Nov 15 00:37:42 virt-004 lvm[5930]: Device #0 of raid1 array, black_bird-synced_multiple_raid1_4legs_1-real, has failed.
[...]
Nov 15 00:37:42 virt-004 kernel: sd 3:0:0:1: rejecting I/O to offline device
Nov 15 00:37:42 virt-004 kernel: sd 3:0:0:1: rejecting I/O to offline device
Nov 15 00:37:42 virt-004 kernel: device-mapper: raid: Device 2 specified for rebuild: Clearing superblock
Nov 15 00:37:42 virt-004 kernel: device-mapper: raid: Device 0 specified for rebuild: Clearing superblock
Nov 15 00:37:42 virt-004 kernel: md/raid1:mdX: active with 3 out of 5 mirrors
Nov 15 00:37:42 virt-004 kernel: created bitmap (1 pages) for device mdX
Nov 15 00:37:42 virt-004 kernel: mdX: bitmap initialized from disk: read 1 pages, set 4 of 1000 bits
Nov 15 00:37:42 virt-004 lvm[5930]: Monitoring RAID device black_bird-synced_multiple_raid1_4legs_1-real for events.

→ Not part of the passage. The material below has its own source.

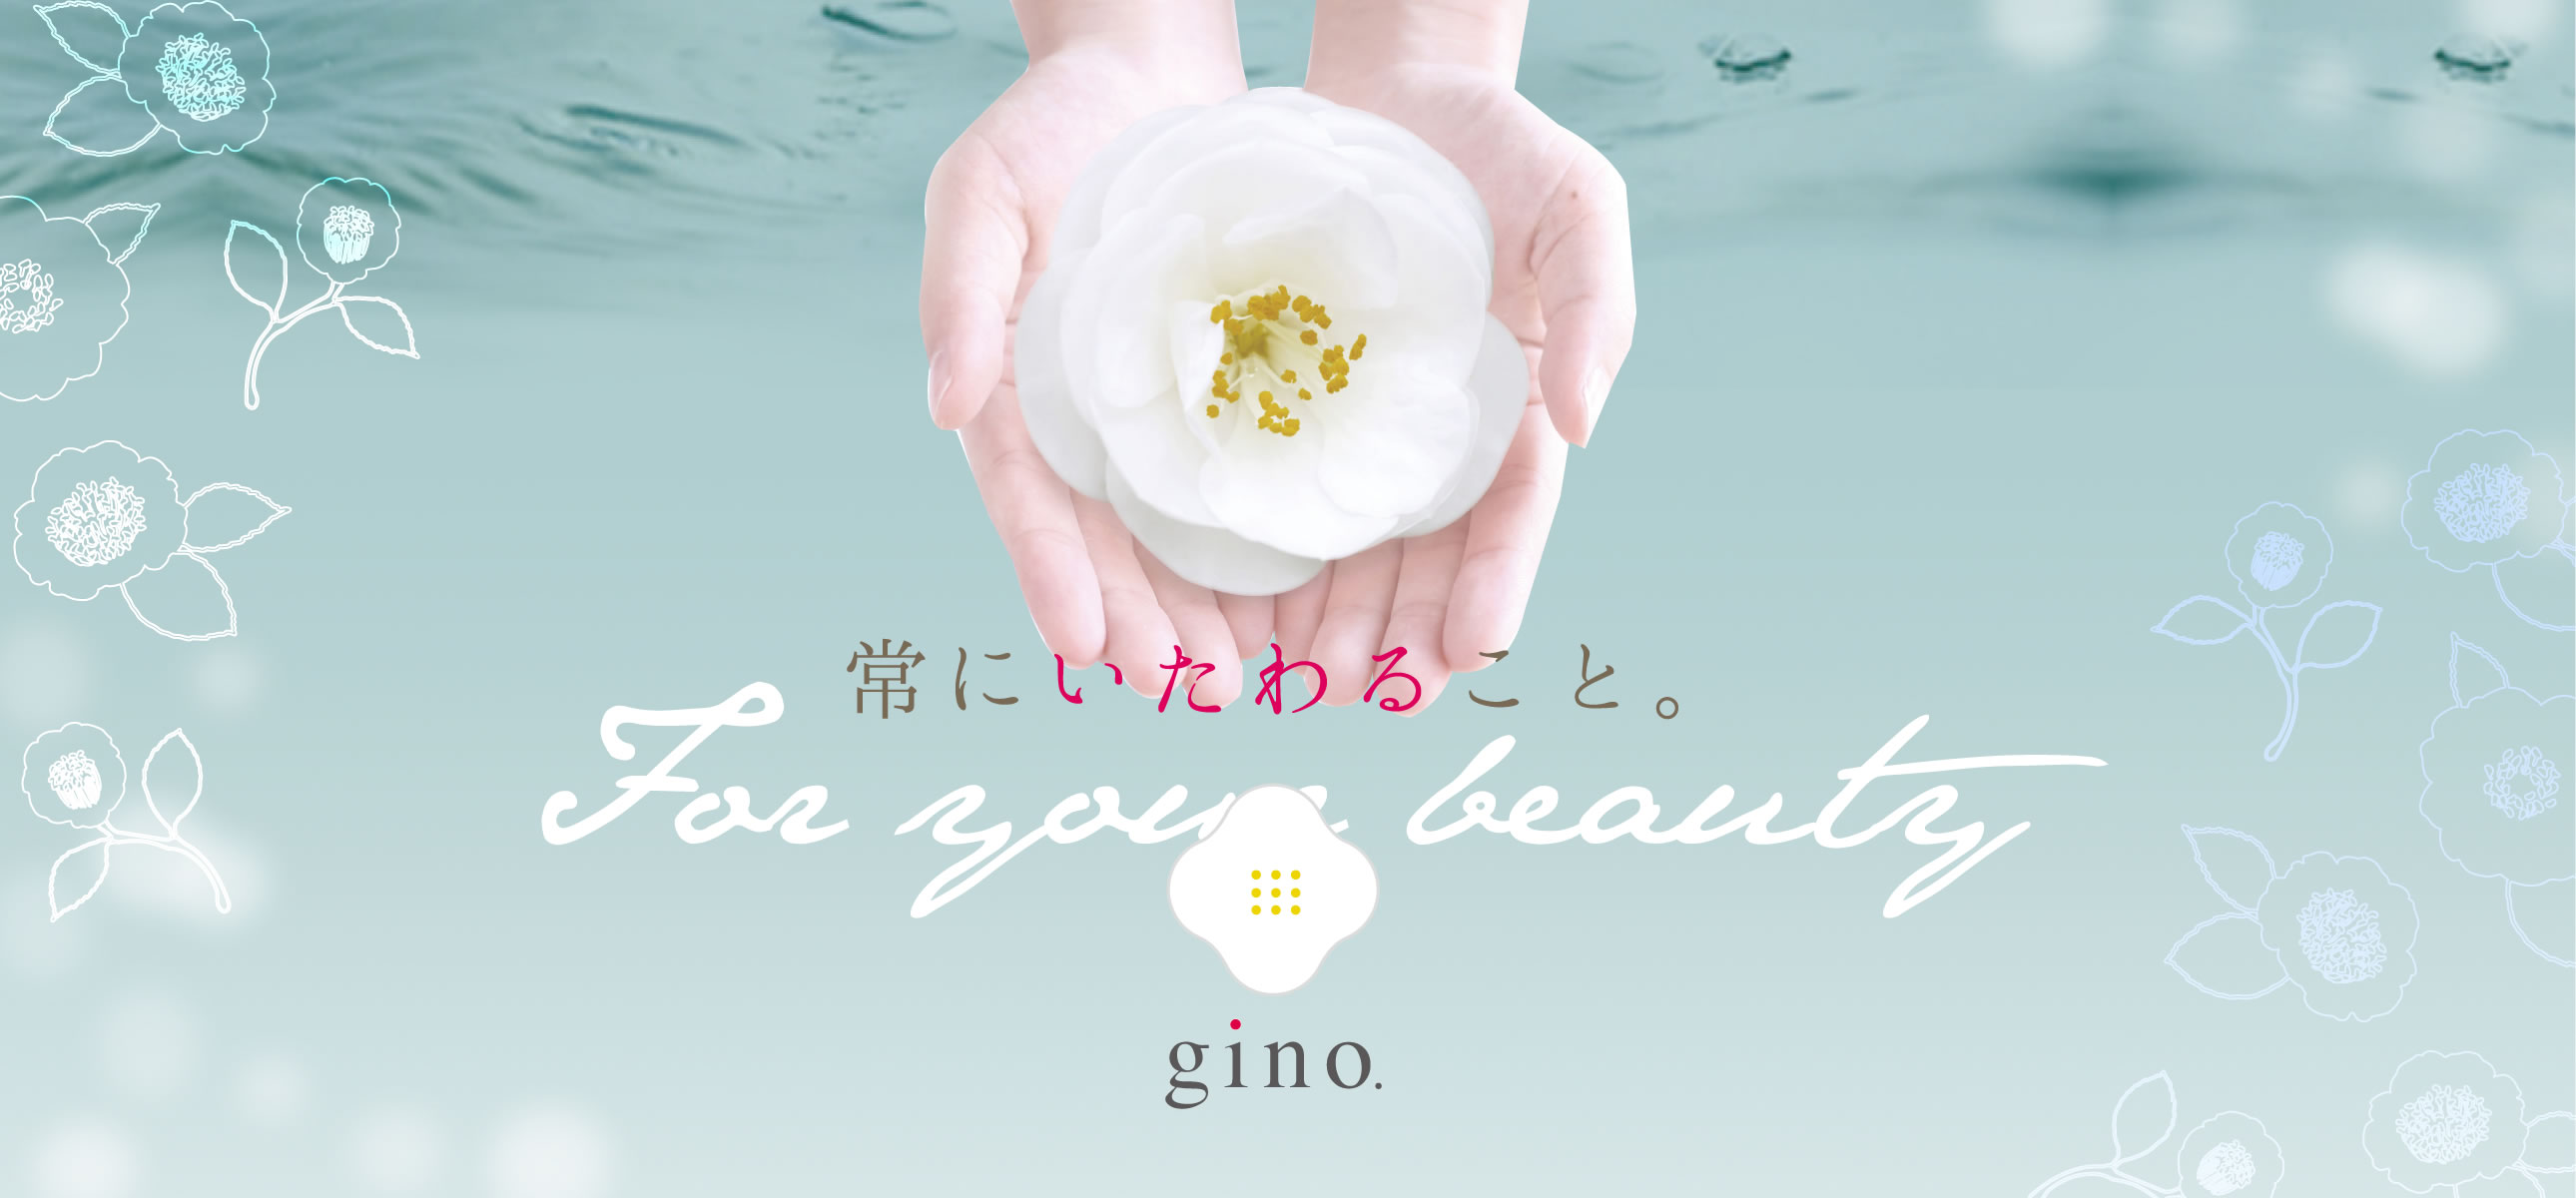 gino ジーノ 常にいたわること for your beauty

Nov 15 00:37:43 virt-004 lvm[5930]: Monitoring RAID device black_bird-synced_multiple_raid1_4legs_1-real for events.
Nov 15 00:37:43 virt-004 lvm[5930]: Faulty devices in black_bird/synced_multiple_raid1_4legs_1 successfully replaced.
Version-Release number of selected component (if applicable):
2.6.32-425.el6.x86_64
lvm2-2.02.100-8.el6 BUILT: Wed Oct 30 09:10:56 CET 2013
lvm2-libs-2.02.100-8.el6 BUILT: Wed Oct 30 09:10:56 CET 2013
lvm2-cluster-2.02.100-8.el6 BUILT: Wed Oct 30 09:10:56 CET 2013
udev-147-2.51.el6 BUILT: Thu Oct 17 13:14:34 CEST 2013
device-mapper-1.02.79-8.el6 BUILT: Wed Oct 30 09:10:56 CET 2013
device-mapper-libs-1.02.79-8.el6 BUILT: Wed Oct 30 09:10:56 CET 2013
device-mapper-event-1.02.79-8.el6 BUILT: Wed Oct 30 09:10:56 CET 2013
device-mapper-event-libs-1.02.79-8.el6 BUILT: Wed Oct 30 09:10:56 CET 2013
device-mapper-persistent-data-0.2.8-2.el6 BUILT: Mon Oct 21 16:14:25 CEST 2013
cmirror-2.02.100-8.el6 BUILT: Wed Oct 30 09:10:56 CET 2013
How reproducible:
Often
Comment 2RHEL Program Management
2013-11-18 22:45:05 UTC
This request was not resolved in time for the current release.
Red Hat invites you to ask your support representative to
propose this request, if still desired, for consideration in
the next release of Red Hat Enterprise Linux.
Comment 3Jonathan Earl Brassow
2014-04-04 22:29:22 UTC
Using the following command to test:
./black_bird -o bp-01 -l /usr/tests/sts-rhel6.5/ -r /usr/tests/sts-rhel6.5/ -e kill_multiple_synced_raid1_4legs
Comment 4Jonathan Earl Brassow
2014-04-07 19:20:54 UTC
Seems to run just fine for me (10+ iterations) if lvmetad isn't used.
I'm running into issues re-enabling devices when lvmetad is used. I'll work around that and try those tests again.
Comment 5Jonathan Earl Brassow
2014-04-07 20:02:17 UTC
After making the workaround for re-enabling failed devices, lvmetad seems to work fine also.
I am testing the upstream code ATM, so the issue may have been addressed outside RAID code already.
I will attempt 6.5 rpm testing and see if I can reproduce.
Comment 6Jonathan Earl Brassow
2014-04-07 20:48:34 UTC
10 iterations of black_bird with the RHEL6.5 RPMs - no reproduction.
Maybe I'll save this for a weekend or overnight run.
In the meantime, can QA reproduce it?
Comment 9Jonathan Earl Brassow
2014-05-30 17:12:55 UTC
I'm closing this one. If it can be reproduced then we'll reopen, but I think we've given this enough consideration.